We cannot even begin to describe the perversity of the ways in which Israeli power has managed to subjugate and neutralize Palestinian society, and our short afternoon in their land made it crystal clear to us that the occupation of the West Bank and the construction and expansion of Jewish settlements in the West Bank cannot be tolerated and is the real obstacle to any peace agreement that should lead to these two peoples living side by side. Needless to say, we are revolted by the terrorist tactics of Palestinian militants,  and also firmly support the right of Israel to exist as a Jewish state in this itsy-bitsy plot of land that is so essential to their history, but it is immoral to do so at the expense of the Palestinians being able to live a normal productive life.

Later in the afternoon we visited Arafat’s tomb, not because we hold any particular affection for the man, but because it was the only noteworthy monument in the whole city.

After a cup of very strong muddy coffee and sticky sweet desserts, we boarded the mini-bus back to Jerusalem, and it was on the journey back that we experienced some of the strongest emotions of the day. The bus stops at the checkpoint where all the passengers must disembark, then walk on foot to the other side through a dehumanizing warren of cages, turnstiles,  metal detectors, and Israeli guards behind bulletproof glass. We were lucky that we  and everyone else on the bus got by quickly, but it is known that sometimes there are awful delays at the crossing for no other reason that the guards woke up in a bad mood that day.

It was only as we were driving away from Ramallah that we realized that we were leaving a prison as the exit road skirts closely to the security barrier, topped by several layers of razor wire and dotted here and there by tall observation towers.

It was painful to realize and impossible  to comprehend how after Auschwitz could a Jewsish nation come to build such similar structures. Once again we were caught in the midst of an enormous moral dilemma.

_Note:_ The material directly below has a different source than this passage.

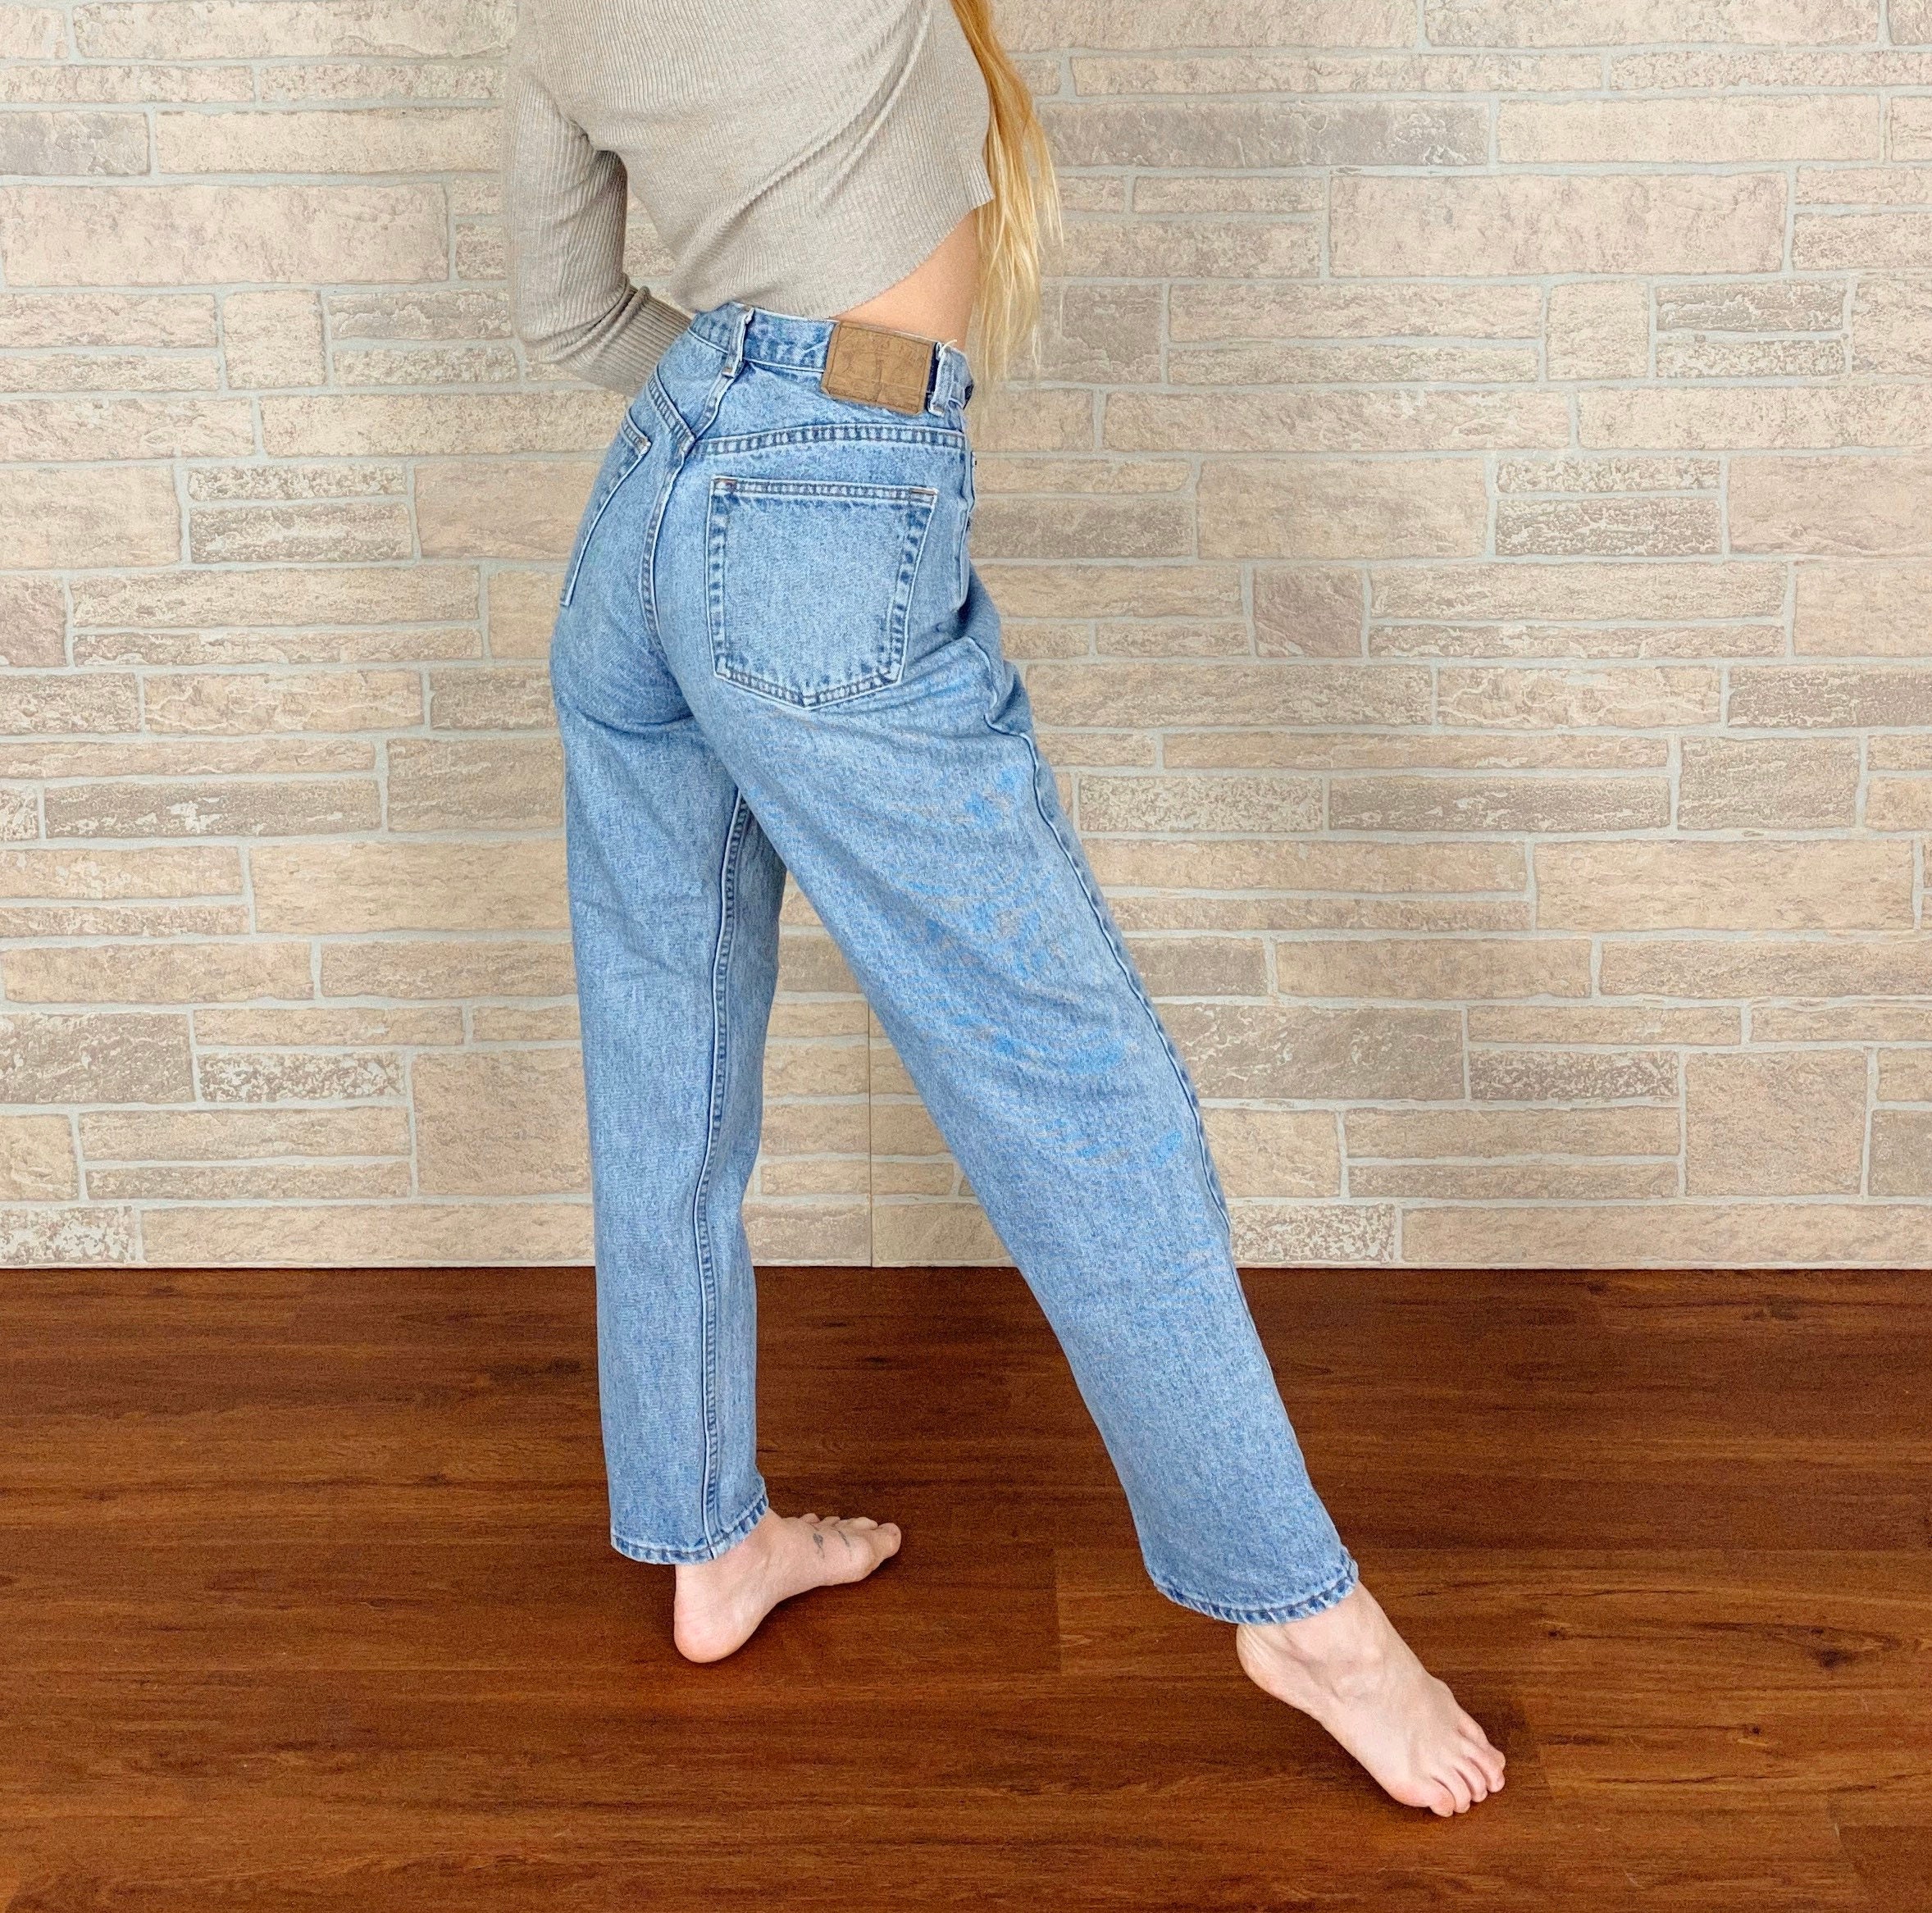 Gap Vintage High Waisted Jeans / Size 27

**Note: a couple of days after reading this post, Tsafrir wrote an email to us with the following message:

 
Dear Anthony and Sammy,
I just read your blog. It's very good, though I have one question: "Israel as a Jewish state" - what does that mean for the 20-25% of the population living there who are not Jews? Does one have to accept Iran or Saudia Arabia as Muslim states? Germany as a German state? America as an American state or as a christian state or as a white, male, heterosexual state? What is the the point in stating that Israel must be a Jewish state, instead of saying "the right of Israel to exist"? What we see here is a shift in the discourse. Today, we must say things we didn't have to just 5 years ago. I believe this is part of a discourse forced by peoplewho aim atmarginalising the Palestinians (i.E. Israelis Arabs) living in Israel. Israel is what it is, no more, no less. It has - within the boarders pre 1967 - a Jewish majority and a large Palestinian minority as well as growing non-Jewish, non-Palestinian minorities, it has Hebrew as its main official language, and Arabic as its second. I believe, that we should not fall into this trap, just in order not to seem anti-Israeli and even-sided: We should all stick with what we say in other places as liberals and/or left-wingers: Any state is always the state of all its citizens (or if you want to be more radical: of all of its inhabitants). Point.